Check the NYT article – Joshua Brown, Who Died in Self-Driving Accident, Tested Limits of His Tesla. The irony is that, as a lover of the product, he may well in his untimely demise have advanced driverless car technology to push to heights not seen. With every accident in aviation, there are normally improvements that we don’t see as ordinary people. Science advances in the face of disasters. Amazingly, as you see in the article, a video that prevented an accident that Mr. Brown posted, to which Tesla co-founder Elon Musk tweeted the link, led Mr. Brown to say to a neighbour: “For something to catch Elon Musk’s eye, I can die and go to heaven now.” Wow.
And his death would probably not be in vain, it will not stop the evolution of travel. If the trailer and the truck had seen the Tesla, and not turned, we would not be having this conversation about the safety of self driving cars. If the truck and trailer had been a self driving vehicle, it possibly would never have made the turn, seeing that the car was coming down the road (too fast or not). See the same publication – Inside the Self-Driving Tesla Fatal Accident.
And then the second bit of bad news is that the last quarterly production numbers were not good. A decent enough website on all things Tesla (and electrical), Electrek, has the story – Tesla Model S deliveries hit an almost two-year low globally, but Tesla is keeping its cards close to the chest. It is not as if the demand is not there, the price and economics are possibly a deterrent at current levels, those dynamics are set to change in the coming years. Again, as we have often pointed out, don’t bet against human innovation and in particular innovators like Elon Musk. He may be an egotistical obsessive stickler for detail, that may be terrible for his social life, it is excellent that humanity has people like this. He is trying to change the future. One Model S or X or 3 at a time.
Linkfest, lap it up
As we spoke about yesterday, the economy is shifting and as it shifts so do the demand and supply requirements of the labour market – College-Educated Workers Now Dominate the Labor Market
NASA’s Juno spacecraft entered Jupiter’s orbit yesterday to get the closest look at the planet to date – Juno
Sticking with Jupiter, have a look at how great the planet’s “Northern Lights” are – NASA unveils the bewildering beauty of Jupiter’s enormous polar light show
In investing and particularly trading the market can reward you for making mistakes and because money is normally the scorecard we get an overinflated view of ourself. Basically a short term successful track record can be due to just as much luck as skill – The Downside of Past Performance.

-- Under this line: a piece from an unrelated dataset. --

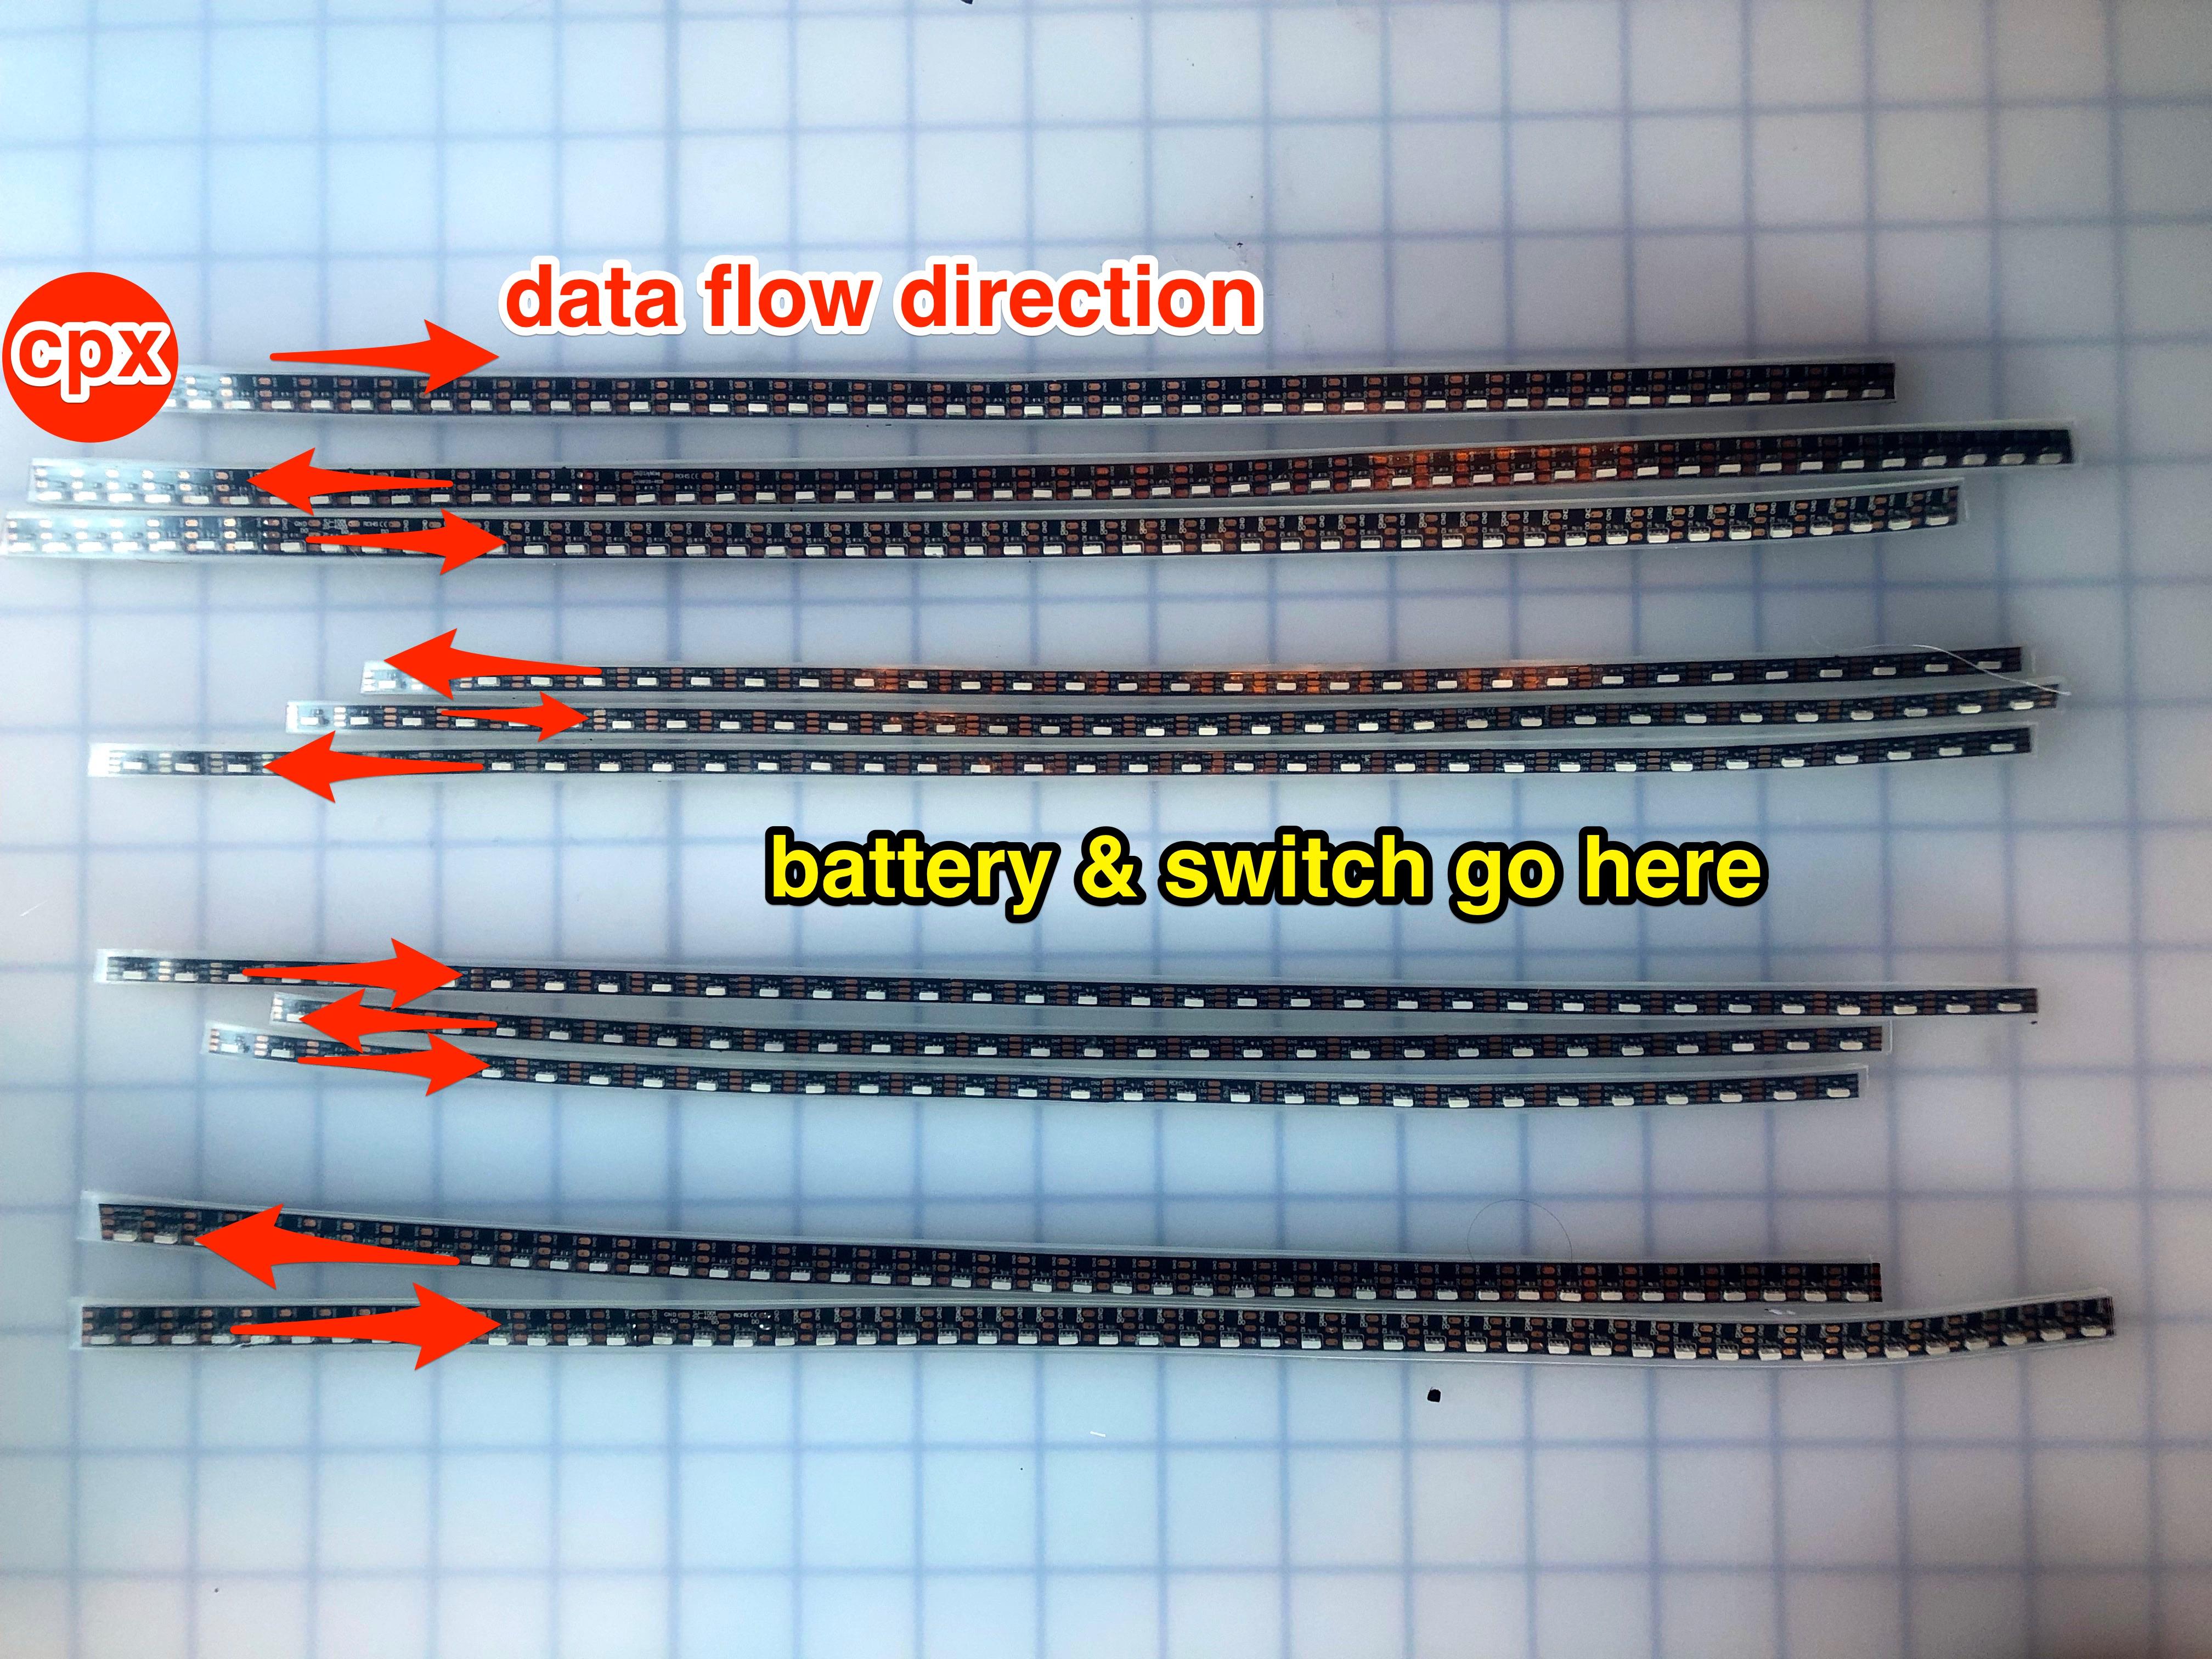 led_strips_10_dataflow.jpg

Home again, home again, jiggety-jog. Markets are selling off across the globe after the recent decent trot that we have experienced. There will be those people that will constantly be looking for reasons as to why this is happening, be mindful that many different people transacting in markets at all times means that the prices cannot stay the same. Ever. So get used to the fact that stocks can go up and down on news that may not be related to the company (and often is not) at all. The economy does not equal the market and the market does not equal the economy, you know that part too, right?
Sent to you by Sasha, Byron and Michael on behalf of team Vestact.